Çocuk Ahmet
Bizim ailede Ayşe ablam, Ali ağam ve Mahmut ağam bir gruptu. Ben ve Hacı Mehmet de bir gruptuk. Ayşe, Ali ve Mahmut’un aralarında ikişer yaş vardı. Ayşe ablam 1926, Ali 1928 ve Mahmut 1930, ben 1937, Hacı Mehmet 1939 doğumlu idi.
Ablam genç yaşta (18) öldü. Ali ile Mahmut beraber dolaşırlardı. Bu yüzden anamın onlara sözü geçmez. Bütün angarya, yük bana düşerdi. 1943 senesinde memlekette sıtma ve tifo hastalığı vardı. Tifo çok ateşli bir hastalıktı. Hacı Mehmet ve ben bu hastalığa yakalandık. Halk arasında bu hastalığa “oğlanlık” derlerdi.
Hacı Mehmet küçük olduğu için hastalığa dayanamadı. Hastalığı atlattıktan sonra konuşamaz oldu. Hastalanmadan önce ise çok dilli birisiydi. Bu hali nedeniyle Hacı Mehmet de ailede korundu. İşler yine tümüyle bana kaldı.
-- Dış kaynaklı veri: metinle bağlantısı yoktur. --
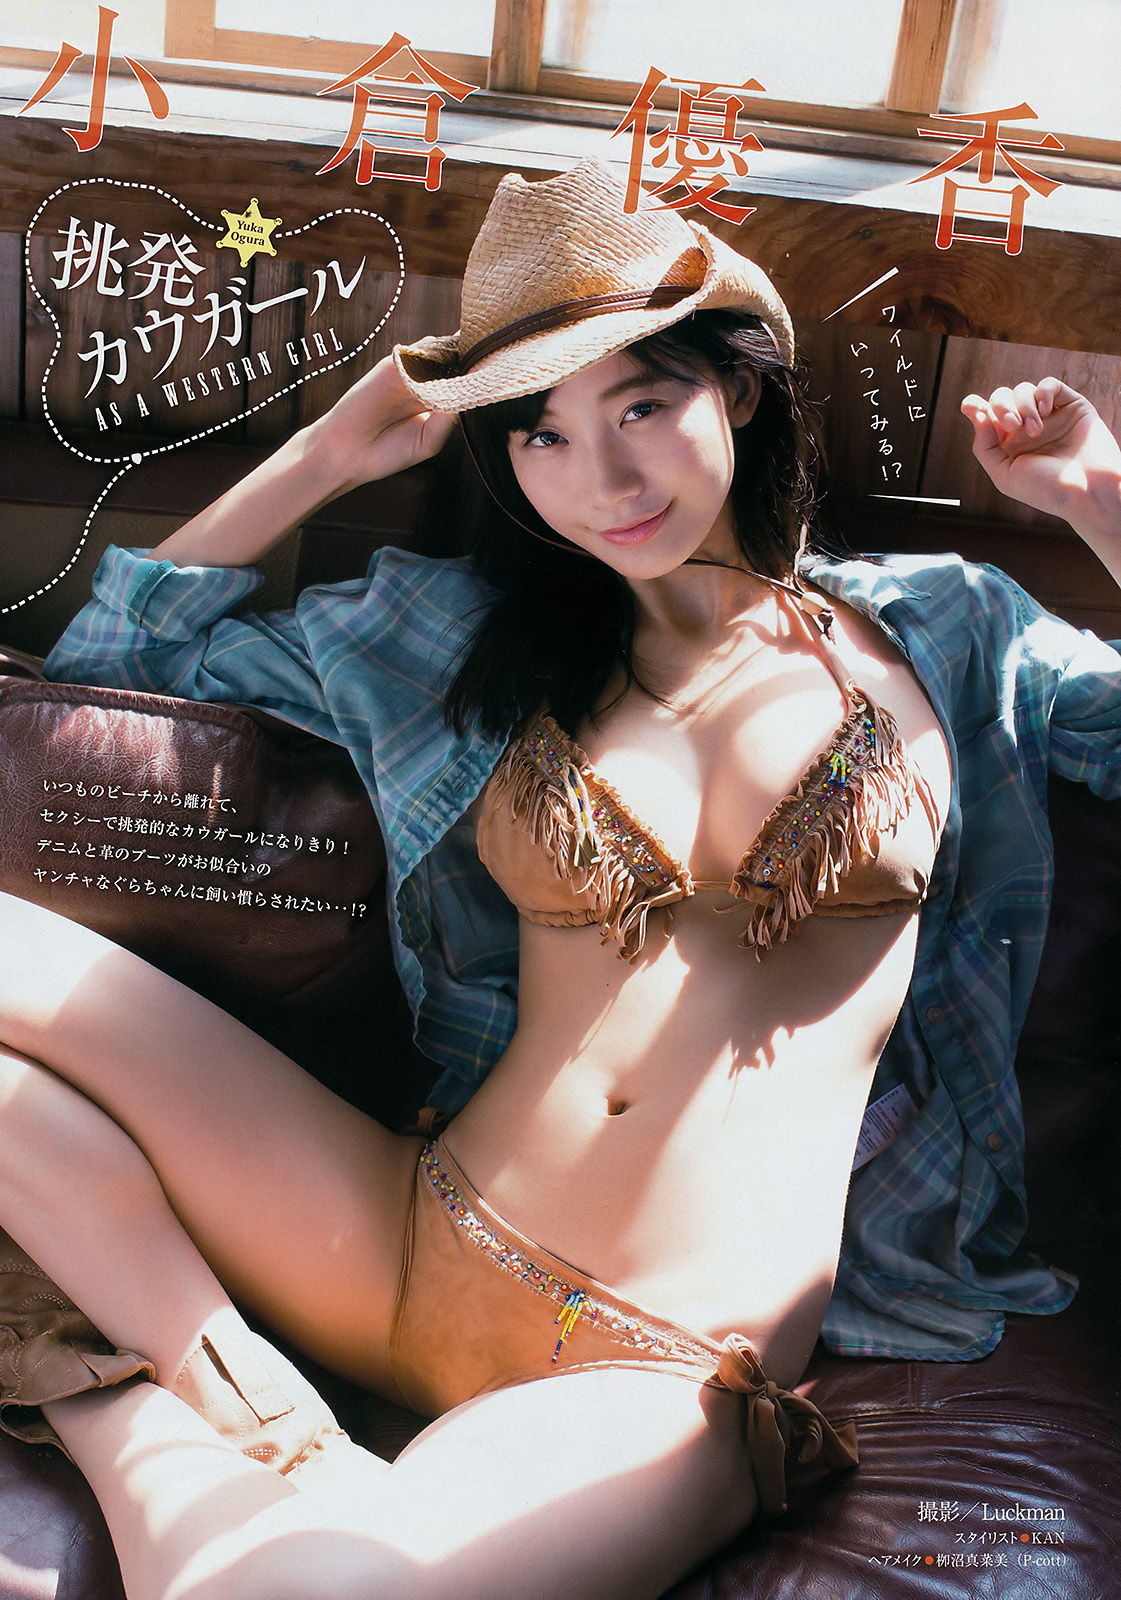 [Young Magazine]美胸大胸:小仓优香高品质壁纸图片珍藏版(11P)

Anam evde iş yaparken kardeşim Bilal’i benim sırtıma sarardı. Ben onu öylece uzun süre sırtımda taşırdım. Yıllar sonra öğrendim ki o ağırlık benim sırtımda kamburluğa sebep olmuş.
Almanya’da bir doktor bana sen gençken sırtında ağır yük taşımışsın dedi. Ben “hayır” diyecek oldum. Sonra hatırladım ki anam Bilal’i sırtıma sarardı ben sırtımda o ağır yükle oynardım.
O tarihte kim düşünür çocuğun beli kambur olacak diye. Ben küçükken diğer kardeşlerime göre el becerim iyi değilmiş. Anam “Bu bir şey başaramayacak öğretmen okuluna gönderelim en iyisi. Bari öğretmen olsun.” dermiş. Beni Ali veya Mahmut ağamla mukayese edermiş. Oysa Mahmut ile aramda 7 yaş fark var. Bunu hiç düşünmemişler. Tabi büyüdüğüm zaman her hususta hepsinden farklı oldum.